As a totally random theory, I wonder if [[:print:]] might take into
account
what device is attached to stdout and recognize that your terminal is
capable of and use that to decide what is printable or not.

It would be quite surprising (and, perhaps unfortunate), if that's
what's
going on, but it might explain what you saw.

A slightly more plausible explanation might be that [[:print:]] alters
its
behavior based on the TERM environment variable.  What is ENV["TERM"] in
the
two cases?

That's all I've got.  I warned you at the beginning that this wouldn't
help
much.

--wpd
R. K. (Guest)
on 2008-11-05 15:10
Patrick D. wrote:
> This won't help much, but when I executed:
>
>>
>> ASCII     = (0..255).map{|c| c.chr }
>> PRINTABLE = ASCII.grep(/[[:print:]]/)
>> PRINTABLE.length
>> >>> 191
>>
>
> in irb, I got 95 on my ruby 1.8.6 (i386-mswin32) running on an XP box.
>
> What were the 191 characters displayed when computed the PRINTABLE
> expression?
>
>
> A slightly more plausible explanation might be that [[:print:]] alters
> its
> behavior based on the TERM environment variable.  What is ENV["TERM"] in
> the
> two cases?
>
> That's all I've got.  I warned you at the beginning that this wouldn't
> help
> much.
>
> --wpd

I mentioned that i used the same terminal to verify that it was not a
terminal issue.

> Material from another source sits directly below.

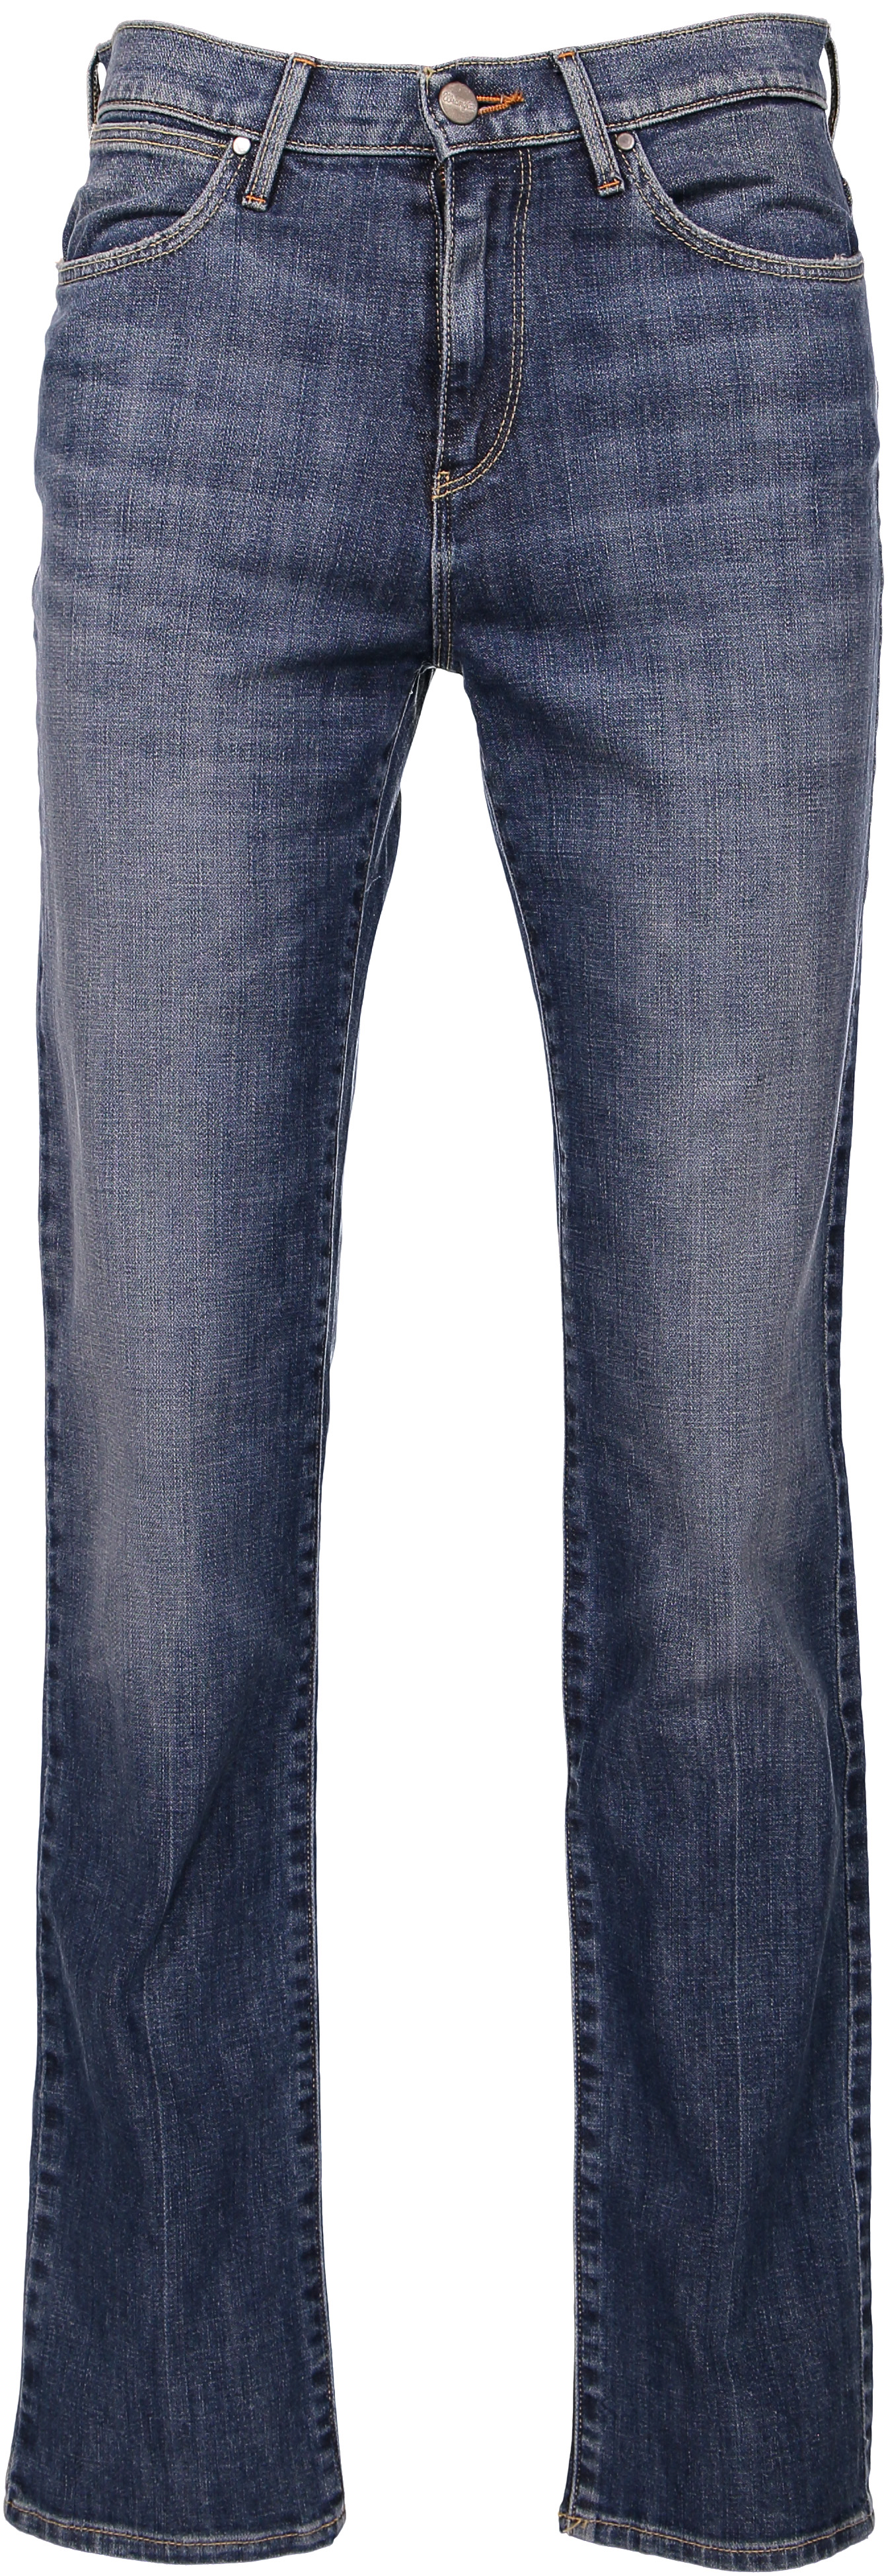 Οδηγός Αγοράς: 13 jeans που πρέπει οπωσδήποτε να αποκτήσεις φέτος την άνοιξη

I tried both out with TERM=screen (my usual), then
xterm-color, xterm-256color and perhaps VT100 and VT200 as well.

One of the characters in the 191 for example is 165 or "\245" which is
the code generated by Alt-A on my MAC OSX (powerpc, 10.5.5, darwin).

(This is when i have *not* enabled "Use alt as meta" - if you dont know
what that is just ignore, its a MAC default).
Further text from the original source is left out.